Author:Sullum, Jacob

ONE OF THE most important issues for people worried about the consequences of marijuana legalization is the extent to which cannabis serves as a substitute for alcohol, which is more dangerous in several significant ways. Recent evidence from Canada and the United States reinforces the hypothesis that people tend to drink less when marijuana is legally available, although the issue is far from settled.

During 2019, the first full year of legalization in Canada, the volume of beer sold there fell by 3 percent, the Financial Post reports. That drop was large compared to the annual declines seen in the previous five years, which averaged 0.3 percent. Vivien Azer, an industry analyst quoted by the Post, said the accelerated slide was probably related to marijuana legalization, and she predicted that the expansion of cannabis products available from legal sources--which as of January included vapes, edibles, and beverages as well as buds--will "perpetuate this trend."
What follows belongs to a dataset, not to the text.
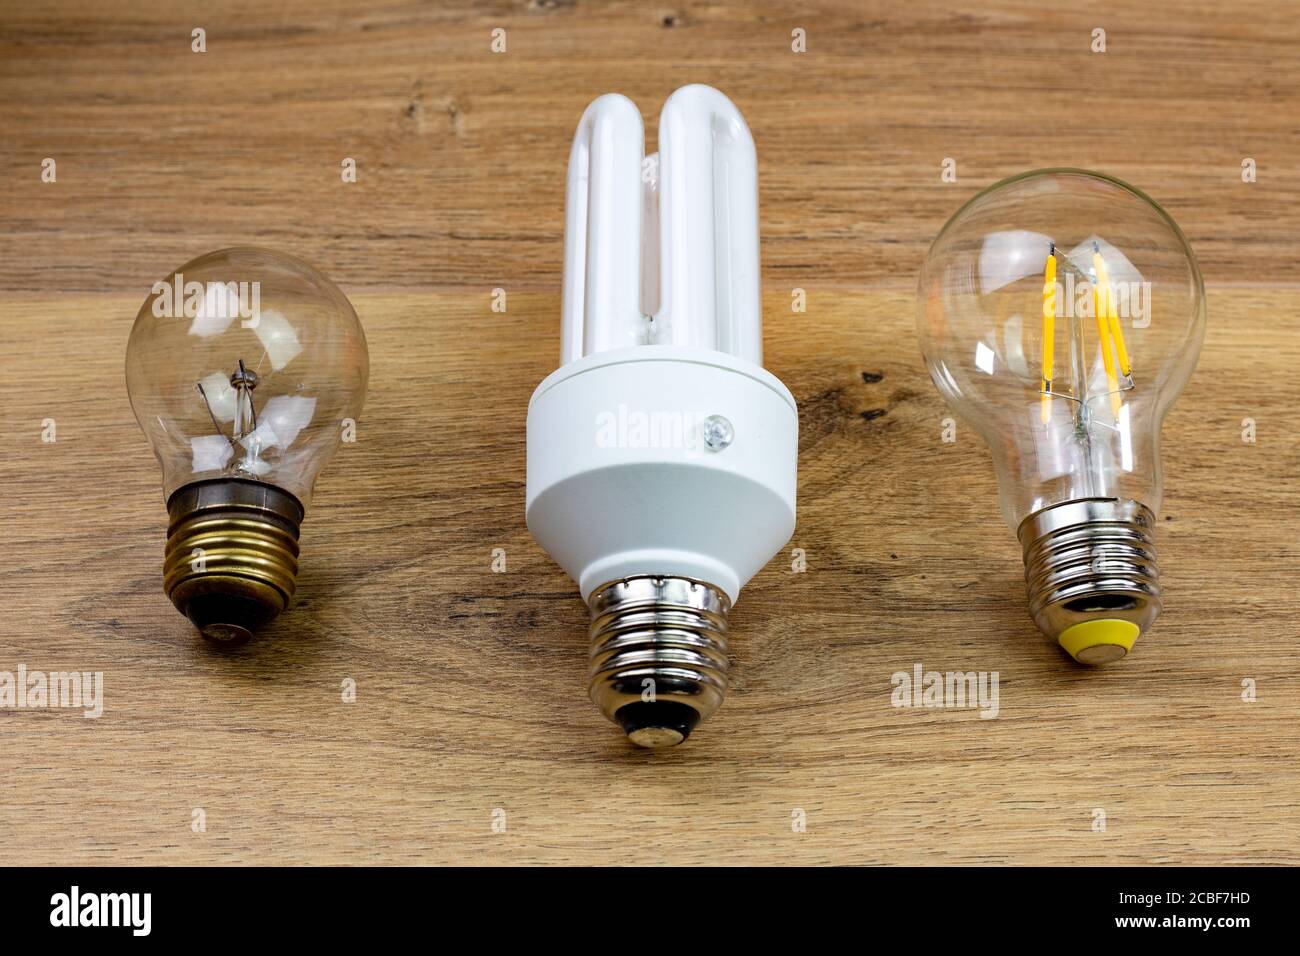 Drei Generationen von Glühbirnen, Glühbirnen Anfang des zwanzigsten Jahrhunderts, kompakte Leuchtstofflampen Ende des zwanzigsten Jahrhunderts und LED-Glühbirne Anfang zwanzig ersten Cen Stockfoto

More rigorous evidence on the relationship between marijuana use and drinking comes from a study reported in the March 2020 issue of the journal Addictive Behaviors. Based on nationwide survey data covering a 10-year period, Zoe Alley and two other researchers at Oregon State University found that college students in U.S. states where marijuana had been legalized for recreational use were less likely to report binge drinking than college students in other states, after taking into account pre-existing trends and several potential...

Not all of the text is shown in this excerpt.